03.7.2013 | Unregistered CommenterKG
Hundreds rather than thousands of hours? Get real. Do you even play golf or have an idea of what it takes to be a professional?
03.7.2013 | Unregistered Commenterebrumby
I do have an idea what it takes and I'm sorry, but thousands of hours or practice anchoring is a ridiculous assertion.

10 hours a week practicing his anchoring 52 weeks a year? Please.
03.7.2013 | Registered CommenterGeoff
How many hours does a developing player, then professional, then tour professional spend?

Again. those that can, play (and practice)
Those that can't, take shots from their pedestal

And those frustrated, take shots from behind their curtains
03.7.2013 | Unregistered CommenterCeloso
Bobby D,

That's an interesting and humanistic approach to thinking about it. But I am not aware of any game whose inherent rules take into consideration the physical limitations of those who play. Not sure it's golf's place to be the first.
03.7.2013 | Unregistered CommenterRES
5 hrs per week x 40 weeks =200 hrs/yr. play golf for 10 yrs = 2000hrs practice. Ever read Malcolm gladwell? 10,000 hrs practicing to be truly top of field at anything.
03.7.2013 | Unregistered CommenterJd
2000 = assumed hours Tim Clark has practiced his current putting stroke.

18 = years Tim Clark has used an anchored putter.

2000/18 = 111 hours per year of putting practice.

111/52 = 2.14 hours putting practice per week (128 minutes).

128/5 = 26 minutes of putting practice per day, 5 days per week.

"Thousands of hours" seems entirely plausible to me.

Bobby D, last 2 days at Los Verdes, 0 belly putters, 0 long putters, 1 Kuchar style putter.

As for the 1" of separation to eliminate the anchoring, how much of a difference do those in favor of the ban really think this will make? (really only 1/8th of an inch is required)
03.7.2013 | Unregistered CommenterDTF
Still waiting for anybody in the golf media to actually ask Clark why he says he can't putt with a normal grip but can swing his clubs with one. Are the media really that clueless on this issue with Clark or has nodody actually thought of it to ask?
03.7.2013 | Unregistered CommenterOWGR Fan
I see the "thousands of hours" quote was about Keegan...

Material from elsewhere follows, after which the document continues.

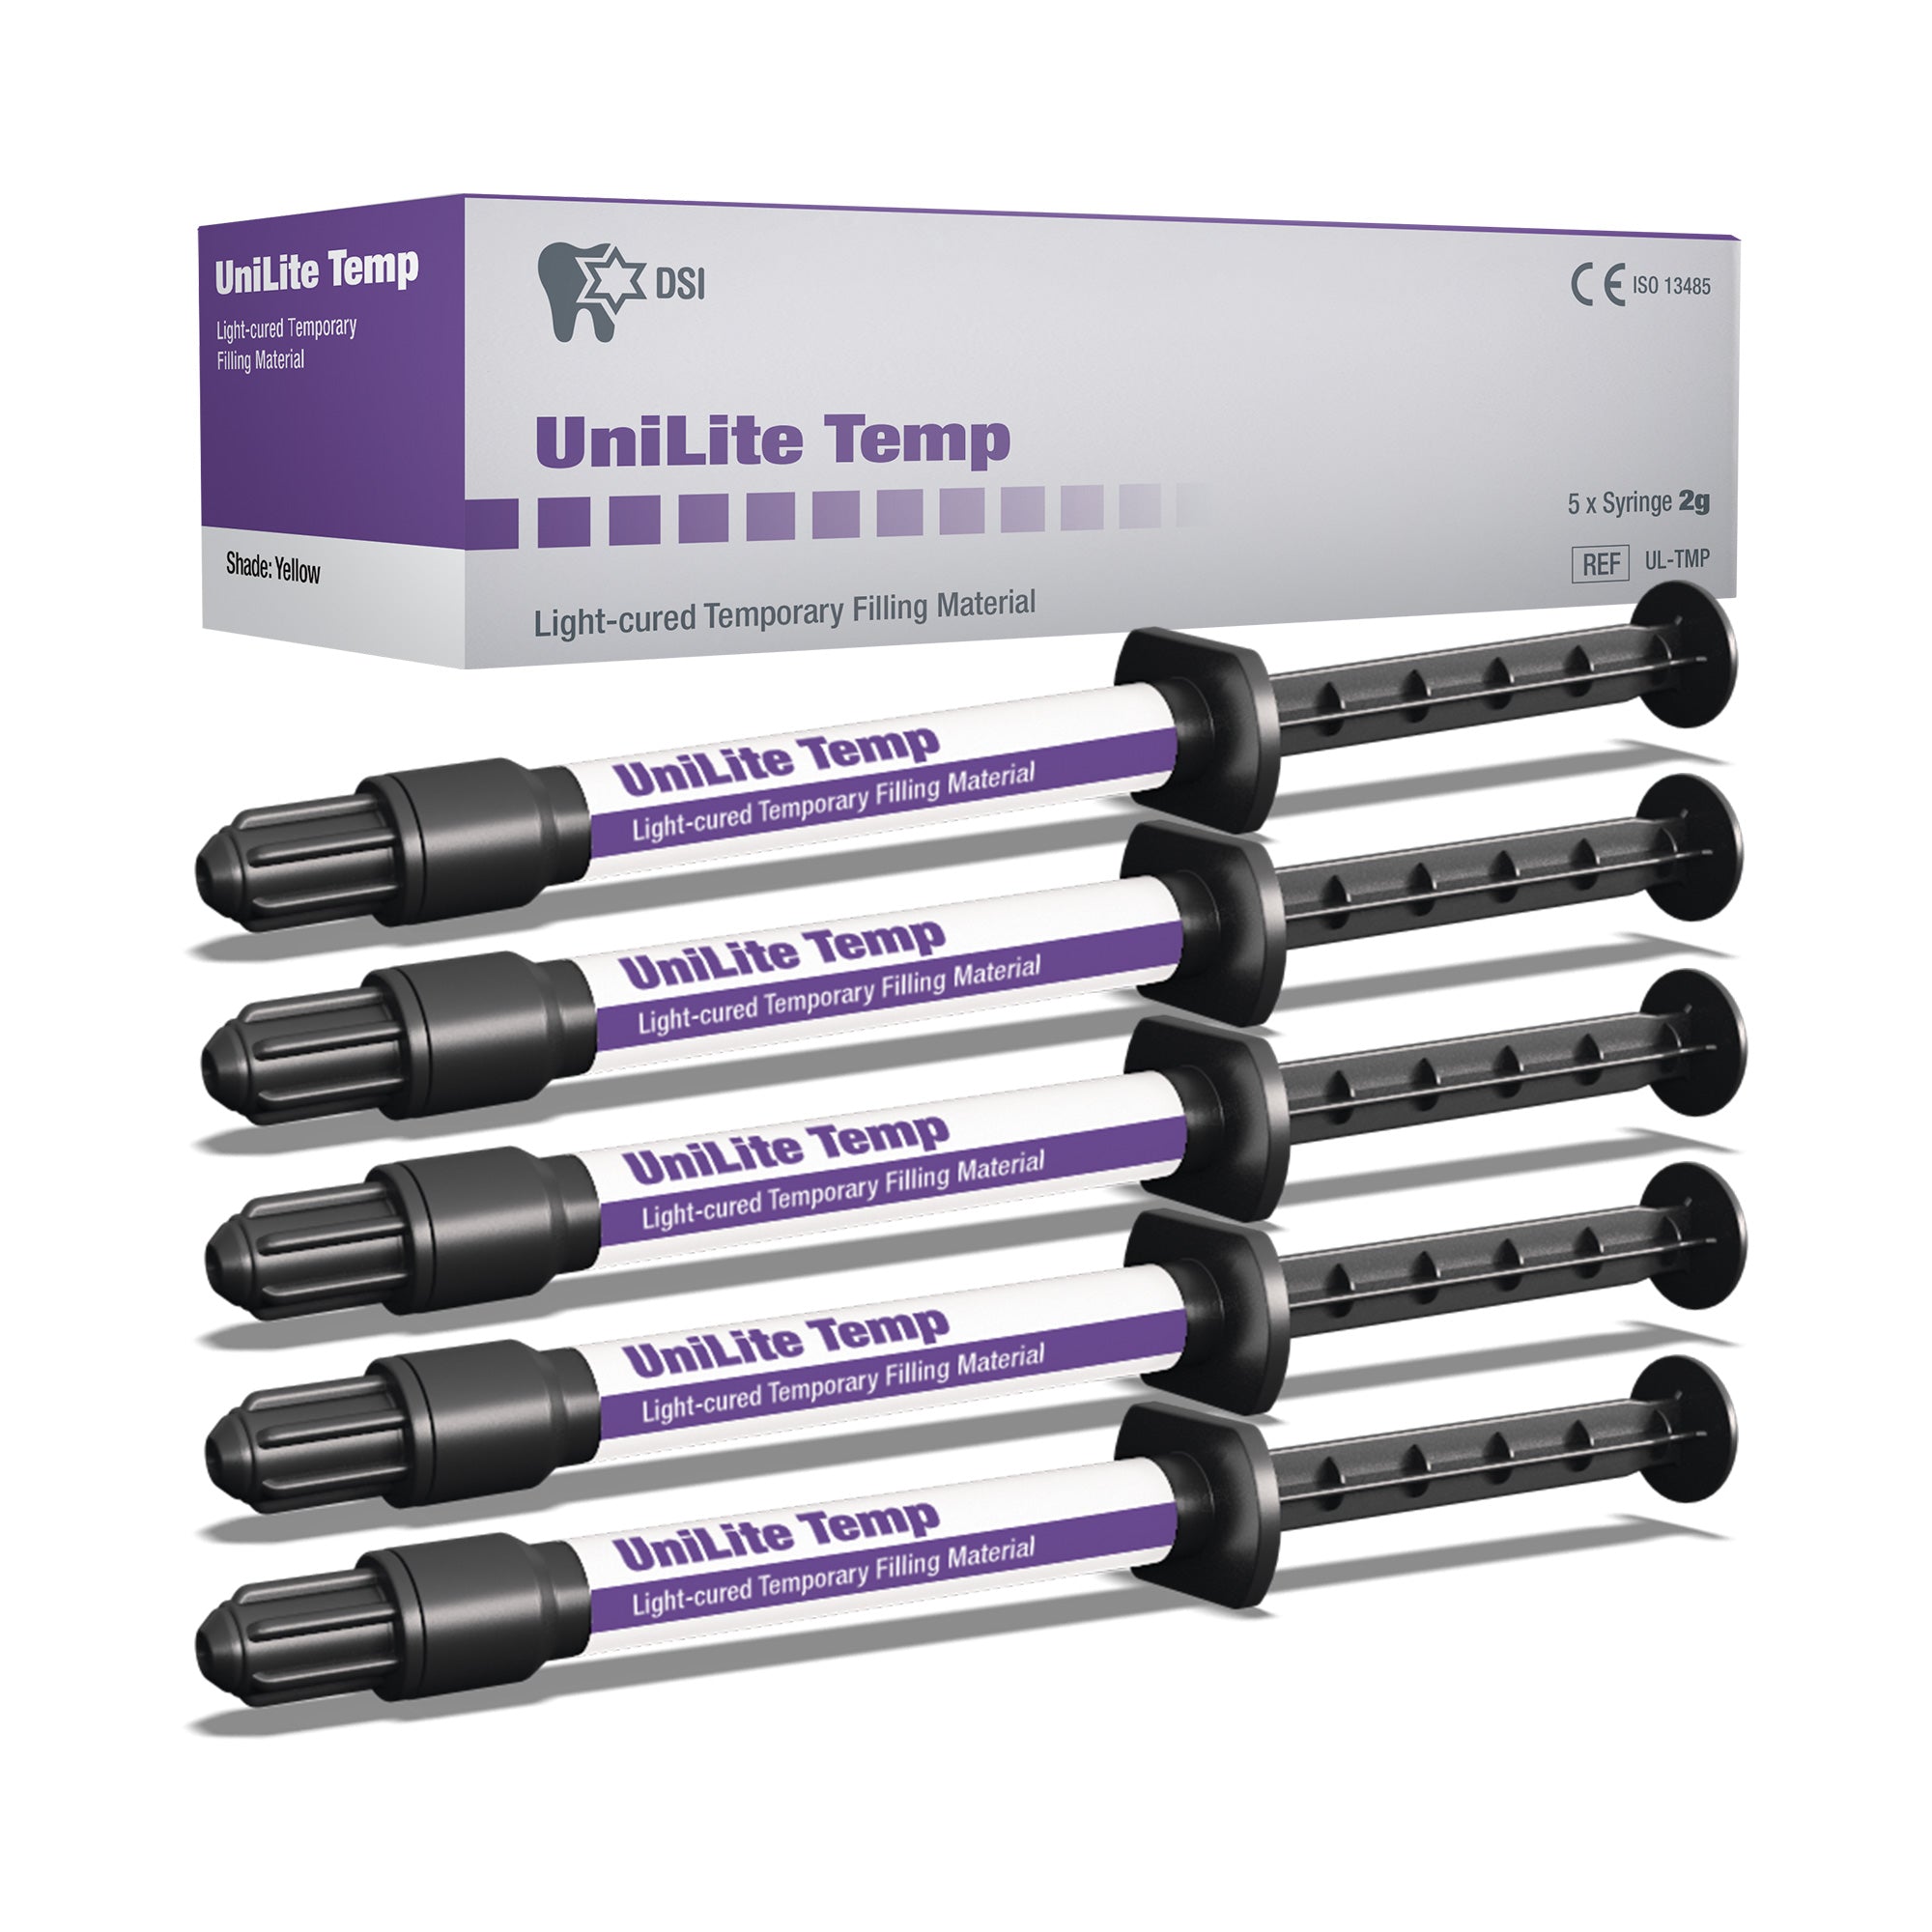 DSI UniLite Temp Light-cured Temporary Filling Material In Syringe 5x2g each

45 minutes per day, 5 days per week for 8 years would get him over 1500 hours.
03.7.2013 | Unregistered CommenterDTF
@ BobbyD ... the reason the governing bodies are now taking action is because they feel anchoring has crossed over into mainstream golf viz non-yippers and they don't want to see youngsters coming into the game electing to (or being advised to) go straight to say, the belly putter.
"Los Verdes"..I guess you mean around Palos Verdes, Ca...I spent (wasted) a lot of time up the road at Redondo...big fun.
03.8.2013 | Unregistered CommenterBobby D
If Tim Clark wants statistical proof, he can track his own stats before the ban and then after the ban (I'm assuming his wrist will allow him to hold the club 3 inches from his body).

If his putting declines, there's his statistical proof that it provides an advantage. If it doesn't change, he has no reason to complain.

Or he can simply answer the question, "why can't you just hold the club a few inches away from your body?"
03.8.2013 | Unregistered CommenterScrambler
Yes, an abnormality forces Tim Clark from putting conventionally. And Rory McIlroy had to withdraw because of toothache last week.
03.8.2013 | Unregistered CommenterHawkeye
Scrambler, 1/8th of an inch would satisfy the regulation. What impact do you think this would have on results? In your mind does it solve the problem?
03.9.2013 | Unregistered CommenterDTF
Could anyone point me to an interview or a quote given by Tim Clark that states his wrist issue prohibits him from using a conventional putter. As far as my research goes this seems to be a point made by the press. He talks openly about his difficulties with it but certainly has never said he can't. Anyway there appears to plenty of experts out there, who is am sure will be able to correct me.